L'invité.e Par Aliénor Dauchez, le 18/05/2022

Notre invitée du mois de mai est une personnalité déjà connue de l’Ensemble intercontemporain : la metteuse en scène et plasticienne Aliénor Dauchez, qui a signé pour lui toute la scénographie de la soirée In Between Narcisse en septembre 2021. Mélomane avertie et curieuse, la musique est pour elle un élément constitutif de son art.

La musique est au cœur de mon travail, à tous égards. Peut-être parce que j’ai pratiqué le violoncelle, très modestement, en amatrice ? Toujours est-il que mes premiers pas en tant que metteuse en scène ont consisté à mettre la musique en espace, c’est-à-dire à travailler le rapport de la musique à l’espace.
En créant des liens entre les éléments sonores et des éléments visuels organisés spatialement (décors, accessoires, corps des musiciens …), j’essaie de donner à voir le discours musical, et ainsi de rendre les enjeux musicaux plus préhensibles. D’une certaine manière, je fais le chemin inverse des compositeurs qui produisent des partitions graphiques…

« Hardcore »
Je dessine d’ailleurs beaucoup pour concevoir mes spectacles. J’établis moi-même des partitions graphiques des œuvres que je mets en scène. Dit simplement, je dessine la musique : à chaque section d’une pièce correspond un schéma en deux ou trois dimensions.
Pour mon premier spectacle en 2007, intitulé « Hardcore » (photo ci-dessus), mon idée première était un ovale, dans lequel le public serait installé, ceinturé par les musiciens. Partant de là, j’ai composé avec le directeur musical Michael Rauter un programme musical constitué de pièces musicales qui renvoient, pour moi du moins, à cette forme : la spirale infinie de James Tenney, par exemple. 


« XI – ein Polytop für Iannis Xenakis »
Parfois, la partition est déjà graphique ! C’est le cas de nombre de pièces de Iannis Xenakis, dont l’œuvre a été et est toujours très importante pour moi. En 2008, le Solistenensemble Kaleidoskop m’a proposé de travailler sur sa musique, et j’ai accepté tout de suite : sa primitivité est époustouflante, c’est une musique absolument géniale. Même dans les partitions qui ne sont pas à proprement parler graphique, sa pensée l’est — à l’image de ses nuages de son ou de ses crescendos qui se croisent.

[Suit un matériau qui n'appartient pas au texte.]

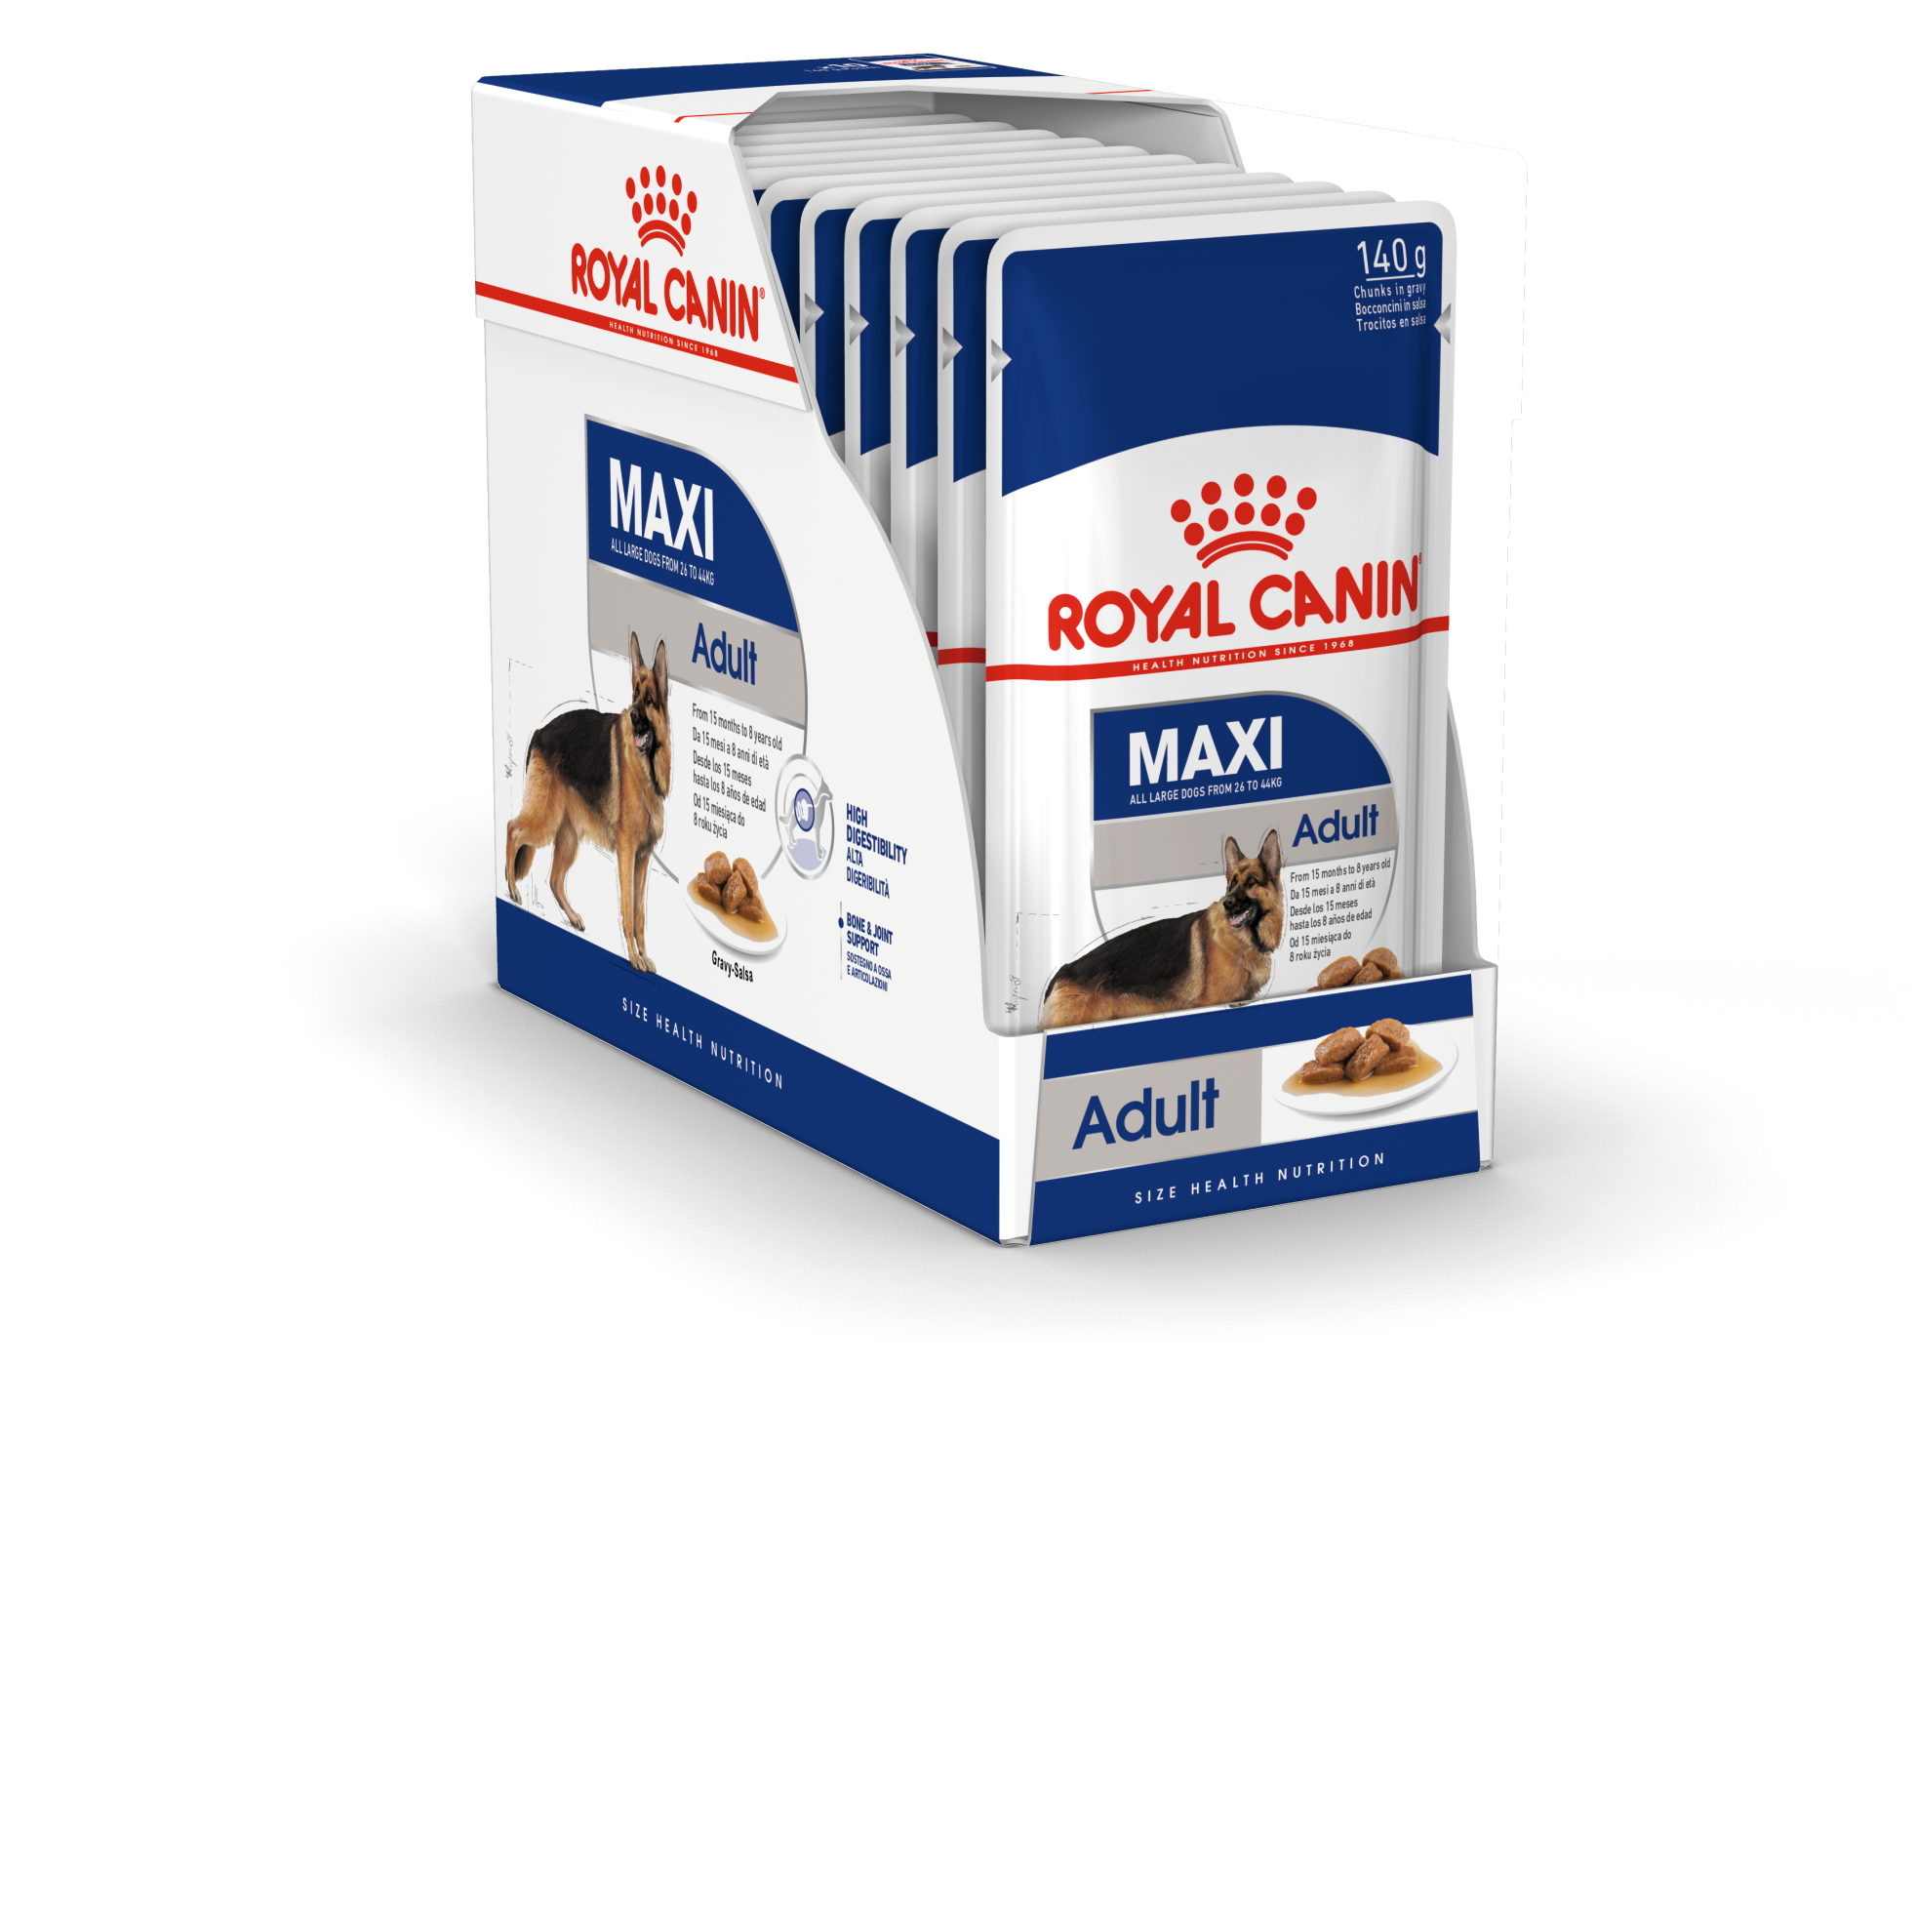 rc-maxi-adult-box-10-x-140g

Pour la performance, nous avons créé un collage à partir de plusieurs de ses pièces, collage que j’ai réécrit graphiquement. J’ai dessiné en dessous ma chorégraphie, déduisant de la structure de la composition les mouvements des interprètes dans l’espace. Cela a donné un spectacle intitulé « XI – ein Polytop für Iannis Xenakis », avec des structures en élastiques tendues dans l’espace public…

 

« Démesure »
Parfois, le dispositif scénique n’est pas une transposition spatiale de la composition, mais plutôt de l’idée qui sous-tend la musique. Pour mon spectacle « Démesure » (photo ci-dessous), le premier produit par ma compagnie La Cage, je suis partie de la pièce Tract (2007) de Raphaël Cendo, qui, à l’écoute, m’avait donné le sentiment d’un son qui veut s’émanciper d’un carcan. Quand j’en ai discuté avec Raphaël, il m’a confirmé cette impression en me donnant l’image d’un son qui, quand il est d’une intensité normale, serait « arrondi », mais deviendrait « carré », dès lors qu’il est trop puissant et sature dans un micro.
J’ai donc imaginé, au centre du dispositif, une tente sous laquelle se trouvent les musiciens. Au fur et à mesure du spectacle, le public est invité à y entrer, puis de la pluie tombe dans la tente et inonde le sol, réduisant l’espace au sec comme peau de chagrin. Les spectateurs, qui étaient au début répartis dans toute la salle, sont amenés petit à petit à rejoindre les musiciens sur une île rectangulaire, où tout le monde est réuni à la fin, serrés les uns contre les autres.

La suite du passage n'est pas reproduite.